Several years ago, my late beloved friend and mentor John Castle was on his way to his lake house in East Texas when he pulled into a convenience store at the edge of Dallas to fill up with gas. There he encountered a homeless man named Shorty. Perhaps Shorty was panhandling, and perhaps John gave him a handout, I never heard him say for sure. What did happen for certain, though, was that John stopped and took time to engage in conversation with Shorty and learn something about his life. Soon John began to stop regularly at that convenience store where Shorty hung out and they would always talk. As was his nature, John saw Shorty not as a homeless person, but a fellow human being – and a friend.
Jesus and his disciples were leaving Jericho one day when they passed by a blind beggar named Bartimaeus sitting on the side of the road begging. “Jesus, Son of David,” he shouted, “have mercy on me!” “Many rebuked him and told him to be quiet,” the scriptures tell us, but the blind man kept shouting, “Son of David, have mercy on me!” Suddenly, it says, “Jesus stopped . . .”

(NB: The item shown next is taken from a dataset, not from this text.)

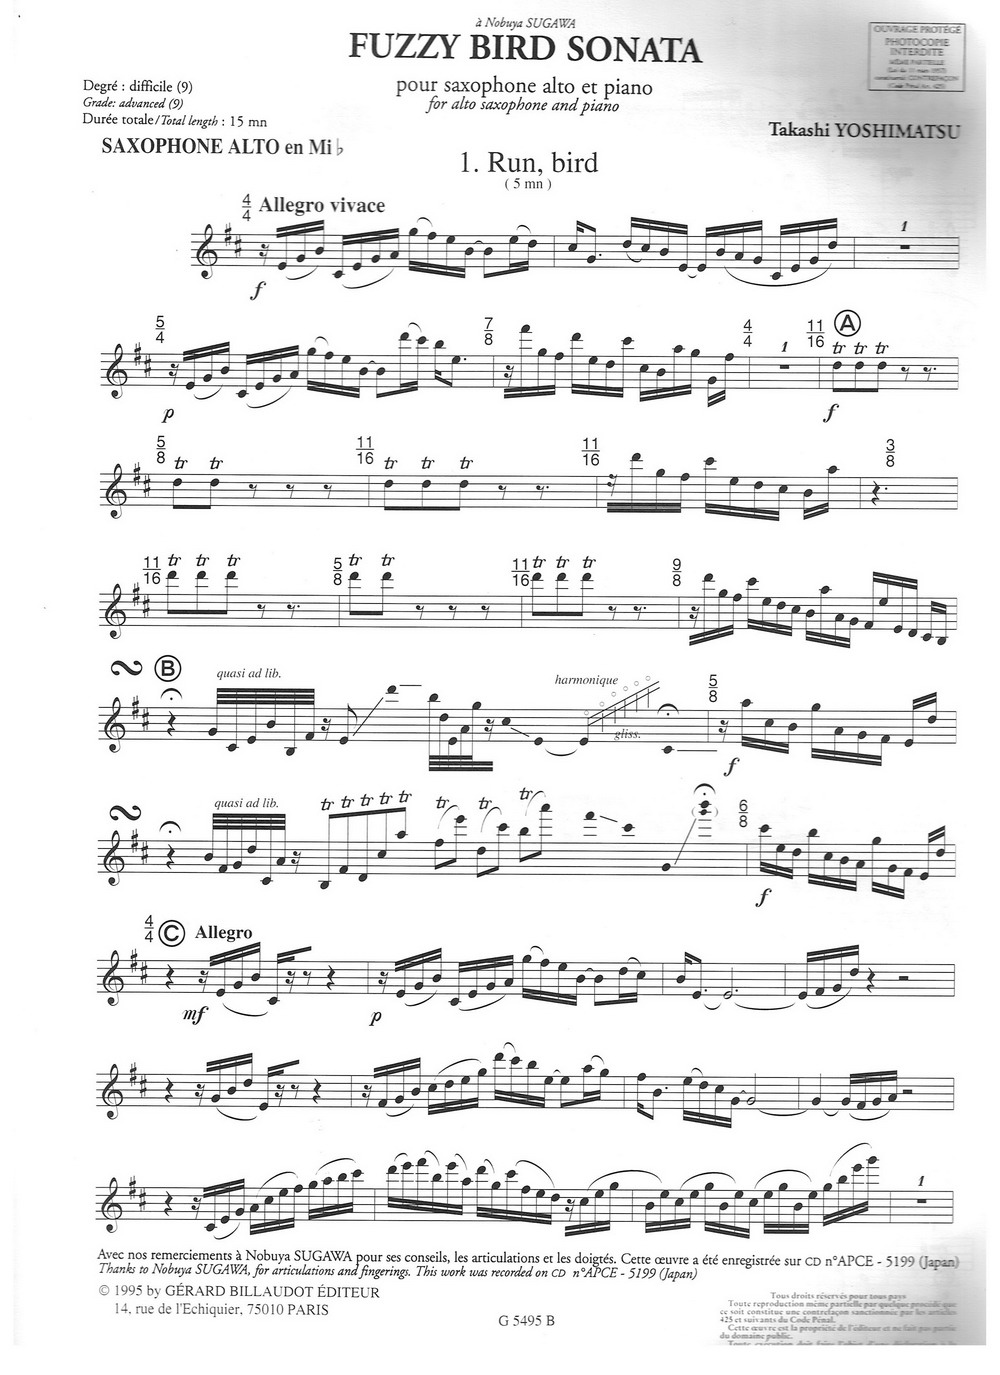 须川展也的《Fuzzy Bird Sonata》(Run, Bird)毛绒鸟奏鸣曲一萨克斯曲谱（图1）

Like Jesus, when he encountered Shorty at the convenience store that day, my friend John stopped. Yet, even at my father’s urging I couldn’t stop long enough to comfort a grieving classmate? Shame on me! Jesus must have wept that day. And now, sixty years later I finally wept too. All I can do now is pray that my classmate had had a good life . . . and pray that I had learned a valuable lesson – to stop for those in need.